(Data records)
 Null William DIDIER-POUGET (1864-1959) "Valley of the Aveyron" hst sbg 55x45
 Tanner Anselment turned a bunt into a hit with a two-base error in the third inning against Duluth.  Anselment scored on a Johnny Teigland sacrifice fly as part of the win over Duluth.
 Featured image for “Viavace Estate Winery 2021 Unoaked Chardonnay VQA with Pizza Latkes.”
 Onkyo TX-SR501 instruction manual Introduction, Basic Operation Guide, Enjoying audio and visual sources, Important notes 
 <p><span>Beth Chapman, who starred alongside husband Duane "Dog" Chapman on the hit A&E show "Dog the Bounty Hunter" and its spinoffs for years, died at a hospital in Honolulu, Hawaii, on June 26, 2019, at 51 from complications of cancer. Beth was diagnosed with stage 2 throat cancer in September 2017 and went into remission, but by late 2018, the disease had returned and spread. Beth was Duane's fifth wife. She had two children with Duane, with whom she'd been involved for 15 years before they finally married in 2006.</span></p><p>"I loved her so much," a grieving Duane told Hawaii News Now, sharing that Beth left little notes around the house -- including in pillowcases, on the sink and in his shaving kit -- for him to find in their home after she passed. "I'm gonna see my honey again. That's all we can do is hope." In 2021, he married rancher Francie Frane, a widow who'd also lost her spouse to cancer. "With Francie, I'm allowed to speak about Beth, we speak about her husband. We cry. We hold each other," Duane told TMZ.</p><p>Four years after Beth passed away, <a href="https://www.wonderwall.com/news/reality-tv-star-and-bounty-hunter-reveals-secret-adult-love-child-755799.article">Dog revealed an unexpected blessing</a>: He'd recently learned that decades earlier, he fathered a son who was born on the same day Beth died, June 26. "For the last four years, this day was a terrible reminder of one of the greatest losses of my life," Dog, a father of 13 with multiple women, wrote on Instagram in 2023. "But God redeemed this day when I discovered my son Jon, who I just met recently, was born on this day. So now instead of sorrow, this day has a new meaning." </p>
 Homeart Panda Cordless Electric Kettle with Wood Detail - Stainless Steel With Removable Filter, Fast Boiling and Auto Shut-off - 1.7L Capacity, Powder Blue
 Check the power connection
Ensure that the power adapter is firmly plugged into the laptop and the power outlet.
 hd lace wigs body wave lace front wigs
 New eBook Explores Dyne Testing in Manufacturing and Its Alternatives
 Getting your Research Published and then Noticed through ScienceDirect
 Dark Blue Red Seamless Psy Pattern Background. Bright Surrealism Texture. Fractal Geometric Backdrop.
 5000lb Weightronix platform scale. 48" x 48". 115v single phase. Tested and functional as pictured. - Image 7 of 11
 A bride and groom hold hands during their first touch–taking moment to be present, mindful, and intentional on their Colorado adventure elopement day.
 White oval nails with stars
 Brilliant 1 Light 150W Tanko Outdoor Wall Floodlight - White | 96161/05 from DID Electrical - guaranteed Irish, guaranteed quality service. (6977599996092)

What the task asks → Show all lines from the data that contain "into".

Answer space →
 Tanner Anselment turned a bunt into a hit with a two-base error in the third inning against Duluth.  Anselment scored on a Johnny Teigland sacrifice fly as part of the win over Duluth.
 <p><span>Beth Chapman, who starred alongside husband Duane "Dog" Chapman on the hit A&E show "Dog the Bounty Hunter" and its spinoffs for years, died at a hospital in Honolulu, Hawaii, on June 26, 2019, at 51 from complications of cancer. Beth was diagnosed with stage 2 throat cancer in September 2017 and went into remission, but by late 2018, the disease had returned and spread. Beth was Duane's fifth wife. She had two children with Duane, with whom she'd been involved for 15 years before they finally married in 2006.</span></p><p>"I loved her so much," a grieving Duane told Hawaii News Now, sharing that Beth left little notes around the house -- including in pillowcases, on the sink and in his shaving kit -- for him to find in their home after she passed. "I'm gonna see my honey again. That's all we can do is hope." In 2021, he married rancher Francie Frane, a widow who'd also lost her spouse to cancer. "With Francie, I'm allowed to speak about Beth, we speak about her husband. We cry. We hold each other," Duane told TMZ.</p><p>Four years after Beth passed away, <a href="https://www.wonderwall.com/news/reality-tv-star-and-bounty-hunter-reveals-secret-adult-love-child-755799.article">Dog revealed an unexpected blessing</a>: He'd recently learned that decades earlier, he fathered a son who was born on the same day Beth died, June 26. "For the last four years, this day was a terrible reminder of one of the greatest losses of my life," Dog, a father of 13 with multiple women, wrote on Instagram in 2023. "But God redeemed this day when I discovered my son Jon, who I just met recently, was born on this day. So now instead of sorrow, this day has a new meaning." </p>
Ensure that the power adapter is firmly plugged into the laptop and the power outlet.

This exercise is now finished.